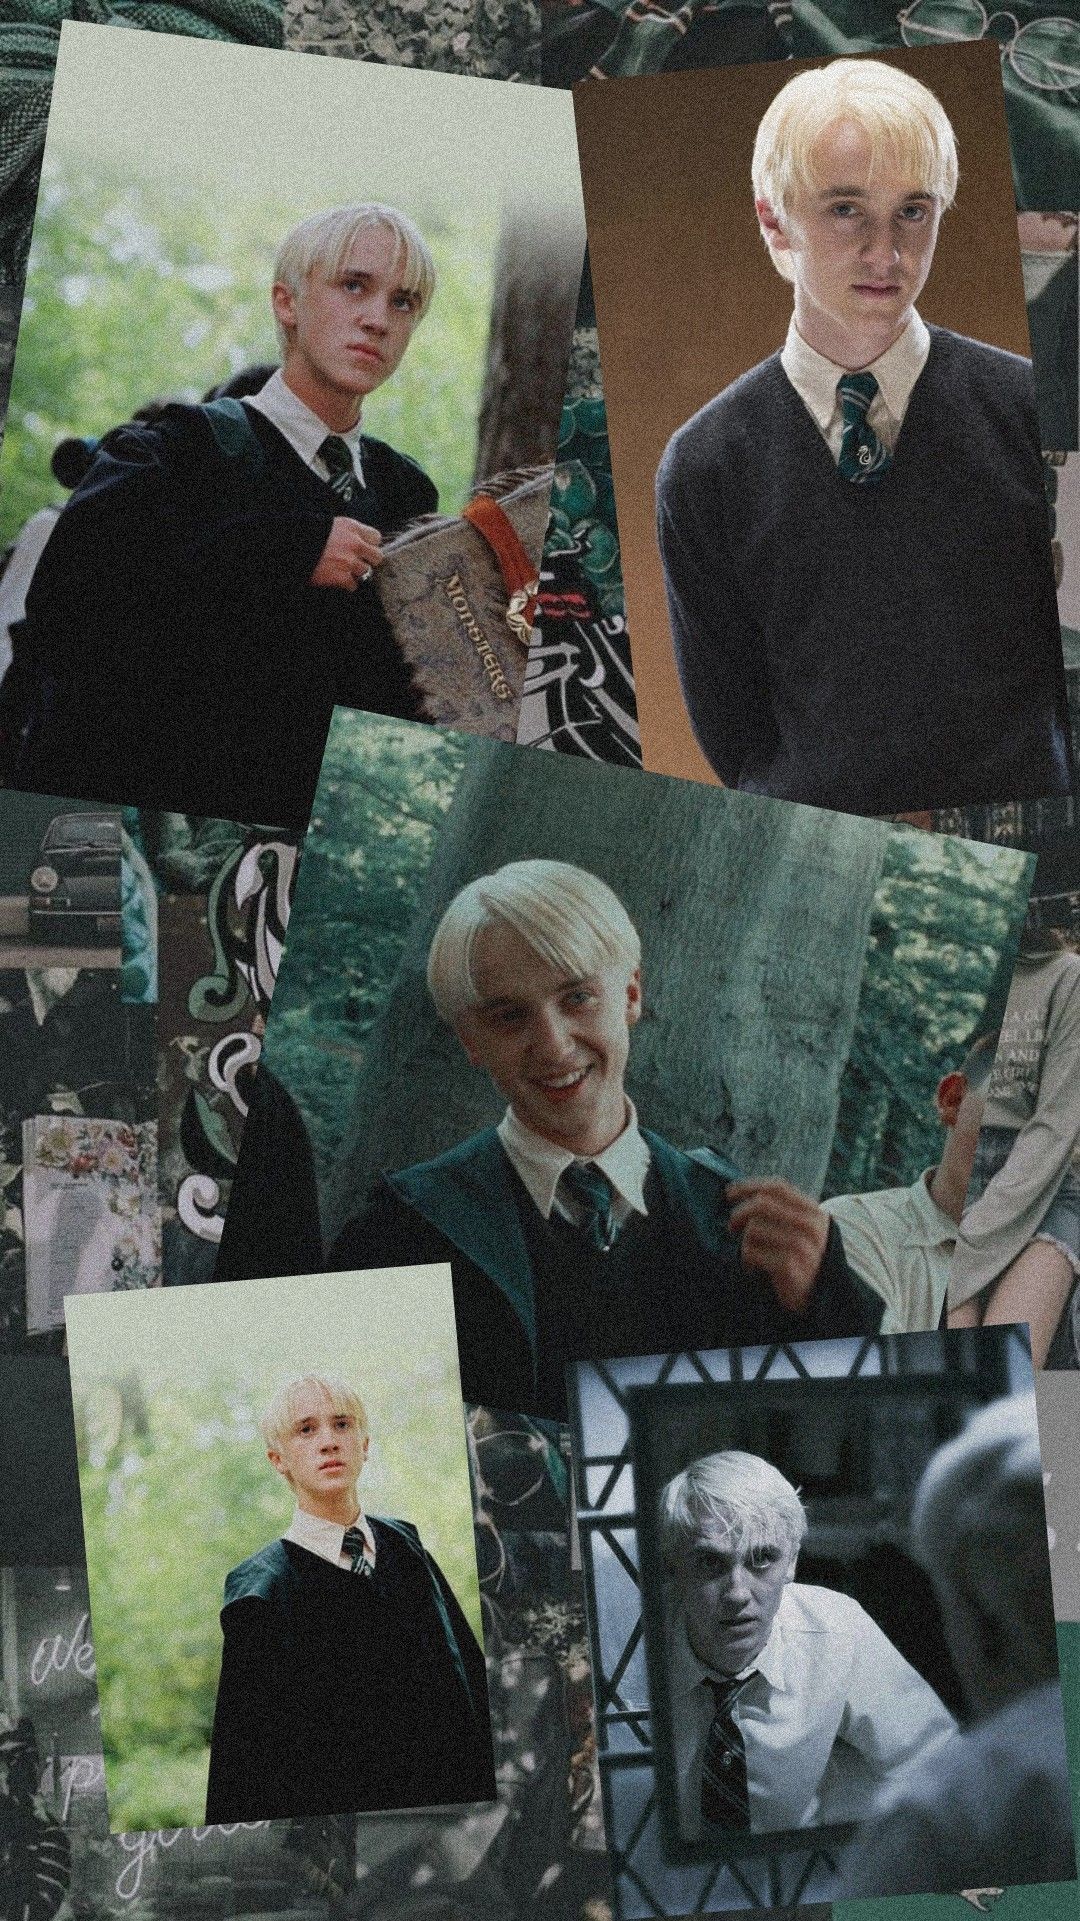 Draco Malfoy  Draco malfoy aesthetic, Draco malfoy, Draco malfoy hot
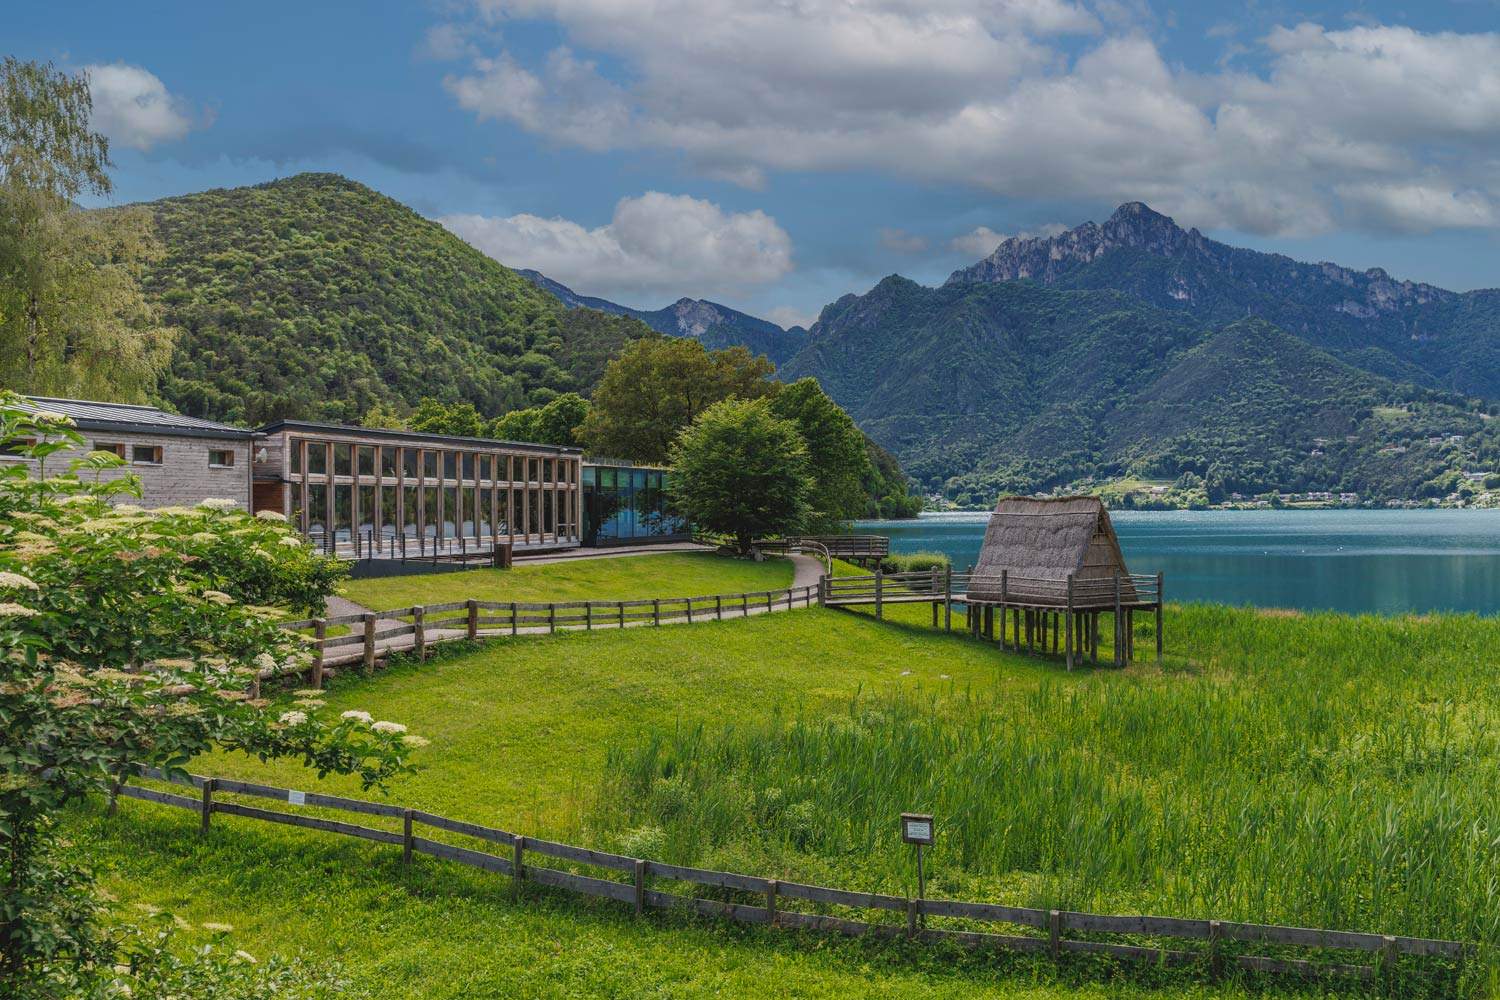 Le Lake Ledro Pile-Dwelling Museum fête ses 50 ans: de nombreux événements pour célébrer l'événement
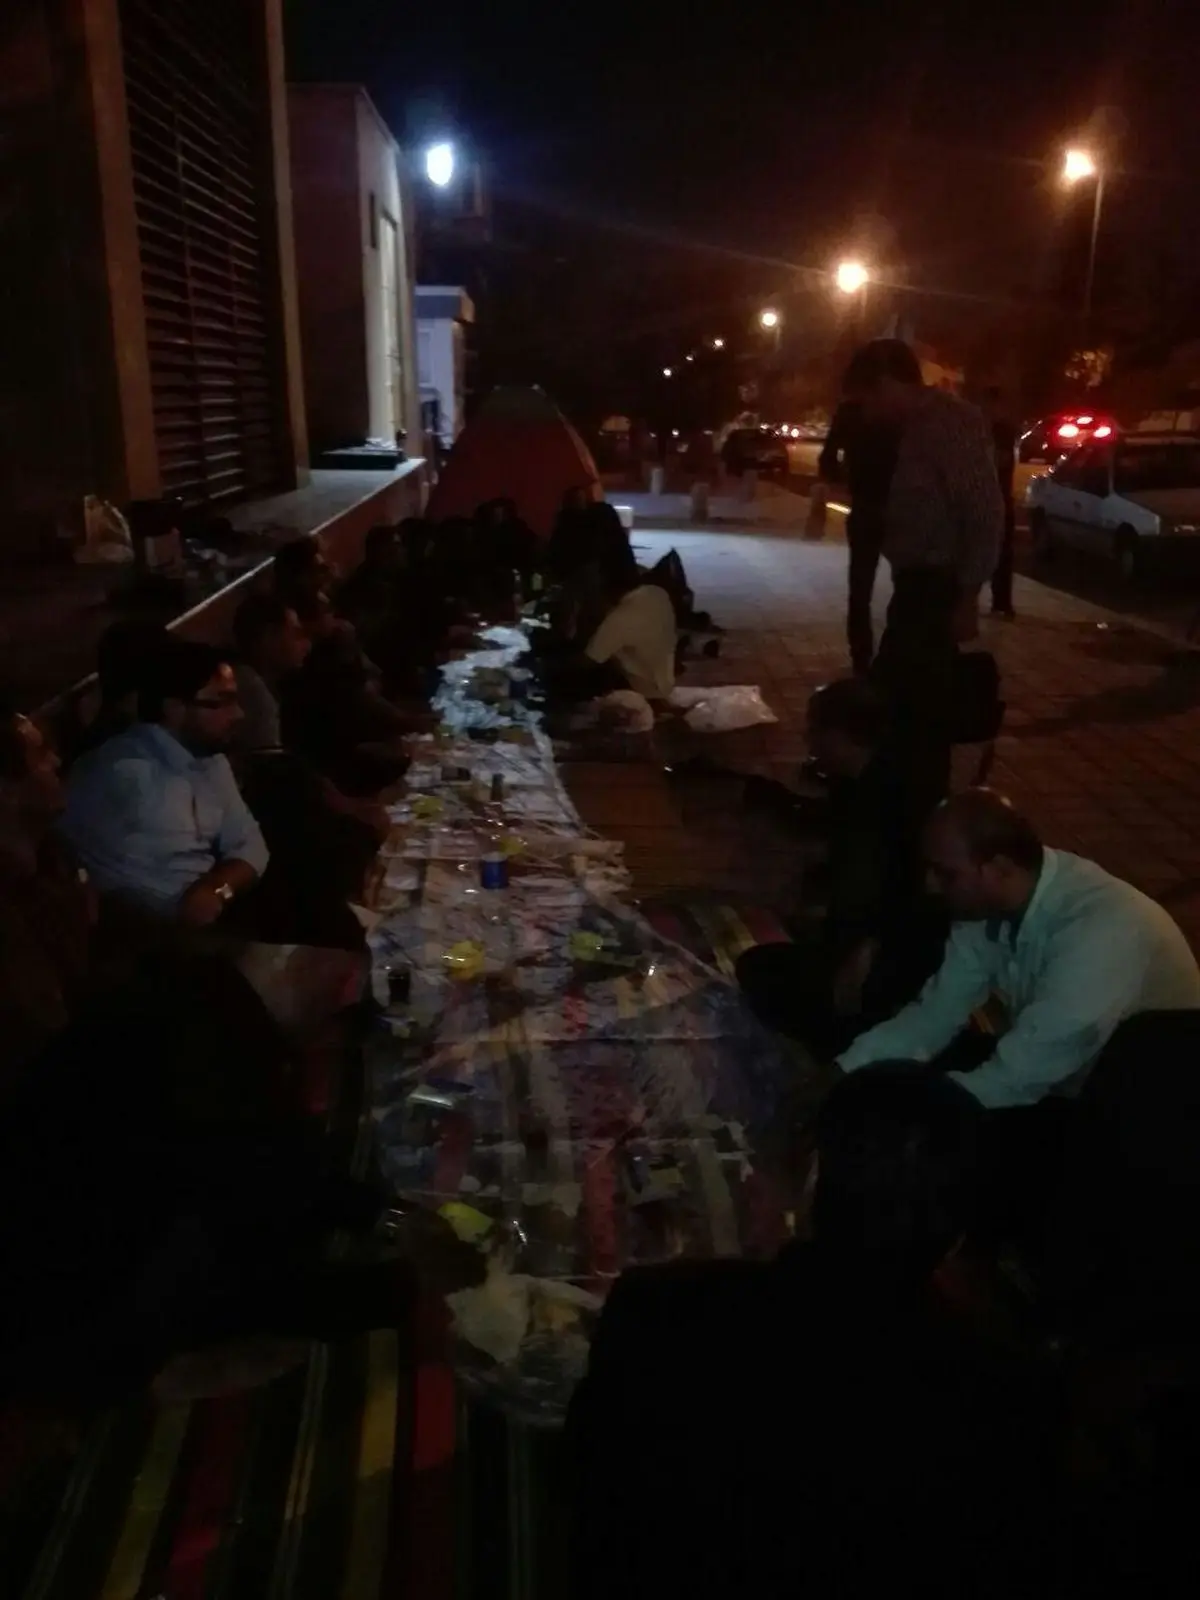 کارکنان سهام عدالت شب را در خیابان گذراندند/ادامه اعتراضات با طلوع آفتاب

What needs to be done: Copy exactly what appears from the line holding "Le Lake Ledro" to the end of the material, keeping both end lines. Pictures are not part of the copy.

Response for this exercise:
 Le Lake Ledro Pile-Dwelling Museum fête ses 50 ans: de nombreux événements pour célébrer l'événement
 کارکنان سهام عدالت شب را در خیابان گذراندند/ادامه اعتراضات با طلوع آفتاب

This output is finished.